Musselburgh Rugby Football Club is a rugby union club based in Musselburgh, East Lothian, Scotland. The team play their home games at Stoneyhill and currently compete in the , the top tier of Scottish club rugby.

Musselburgh RFC first applied to join the Edinburgh & District League in 1921 but it is believed that the town had a team for at least 20 years before that.

History

The club was formed in 1921 as a section of the Musselburgh Sports Club. They initially played their games at Shirehaugh which is now a practice green at The Musselburgh Golf Club in Monktonhall. During the 1930s The Musselburgh Sports Club changed its name to become Musselburgh Rugby Football Club in its entirety.

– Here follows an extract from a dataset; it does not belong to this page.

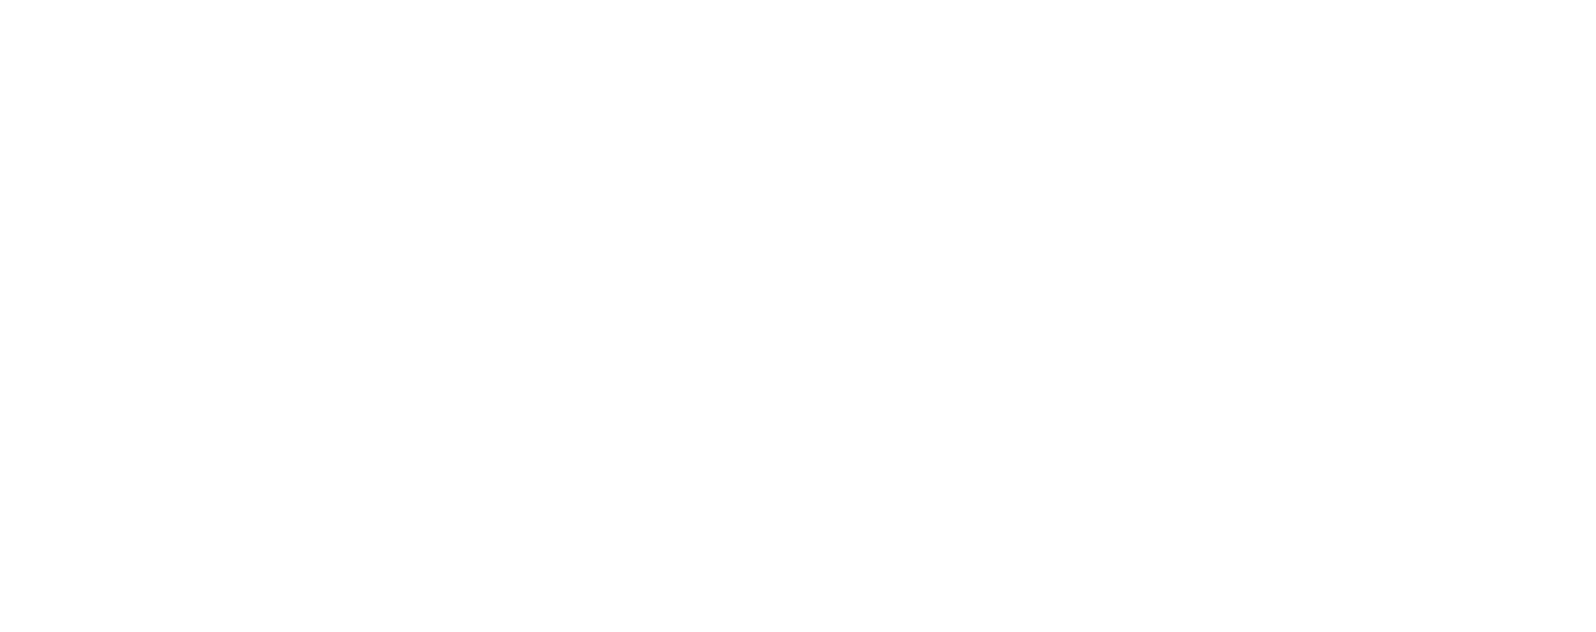 CVRx Logo groß für dunkle Hintergründe (transparentes PNG)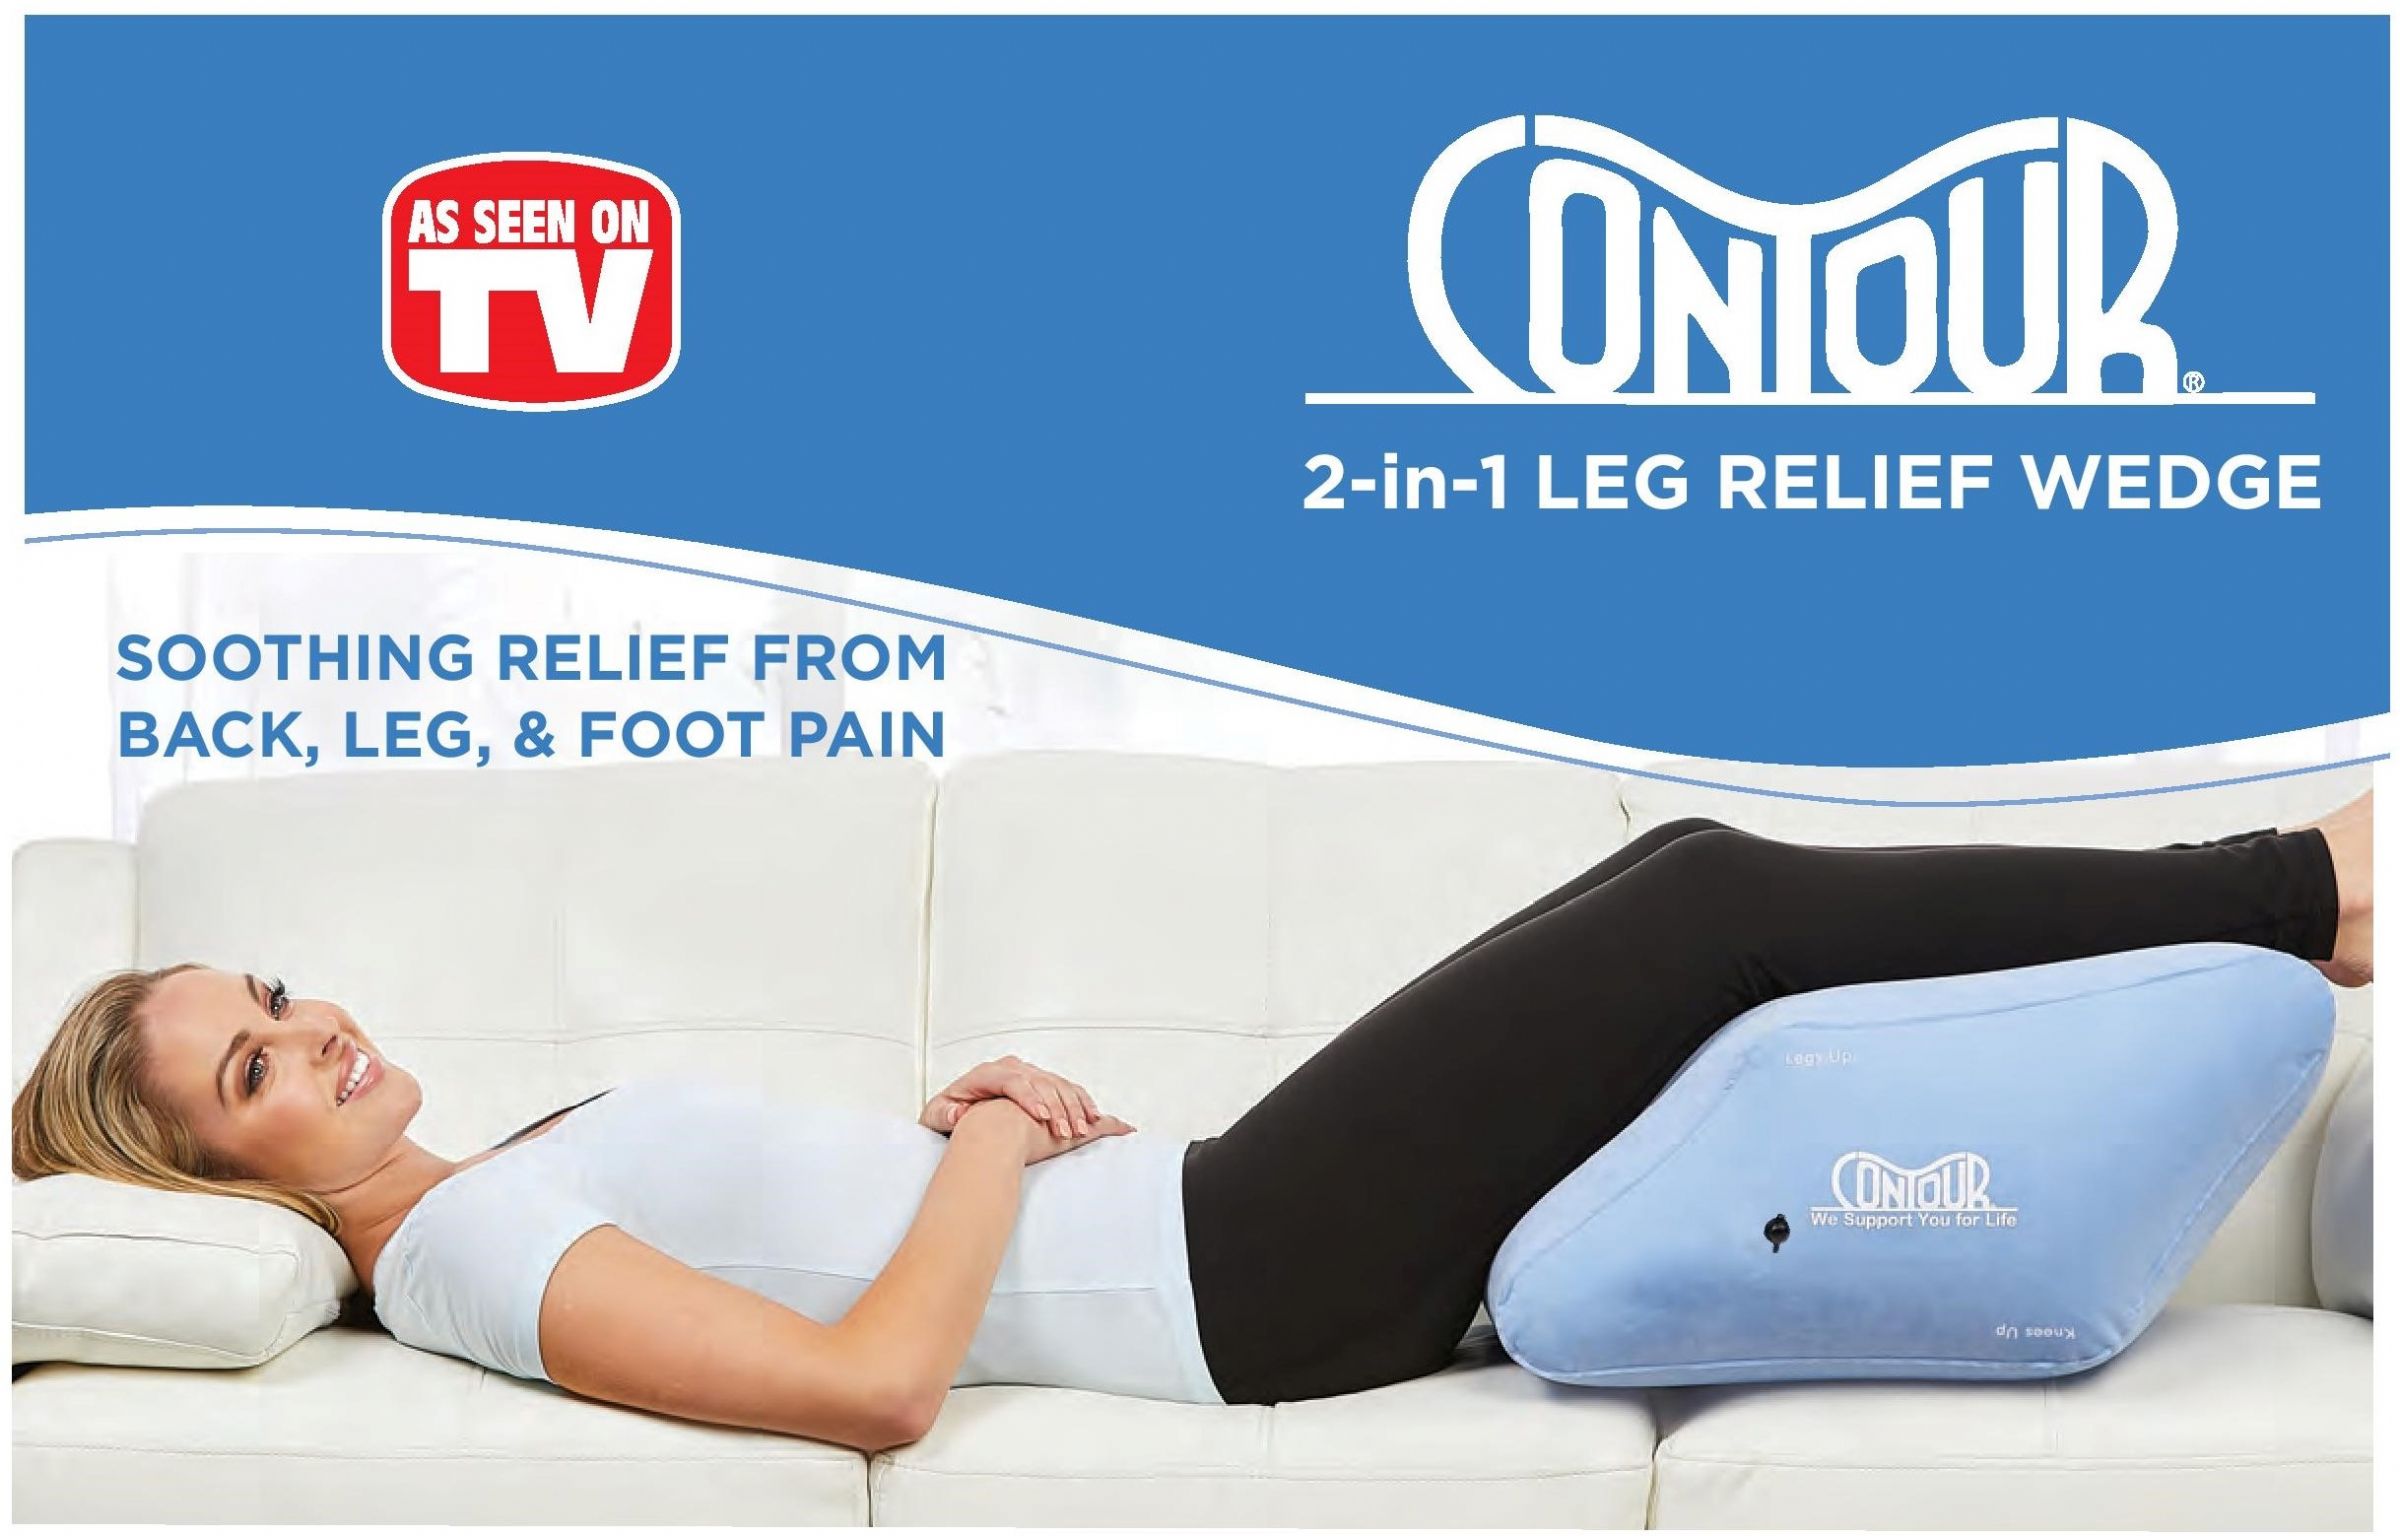 The Original Contour Legacy Leg Pillow As Seen On TV

During 1951, the club moved from its home at Shirehaugh to a new pitch at Stoneyhill where the club currently resides. A clubhouse was built on the site and opened in 1971, with changing rooms added in 1984 and a gym added in 2021.

After the creation of the new leagues in Scotland the club were placed in the third division, ultimately falling to fifth division in 1975. However they bounced back and continued to climb up the leagues where they were promoted to the Premiership for the first time in 1987, lasting one season before being relegated.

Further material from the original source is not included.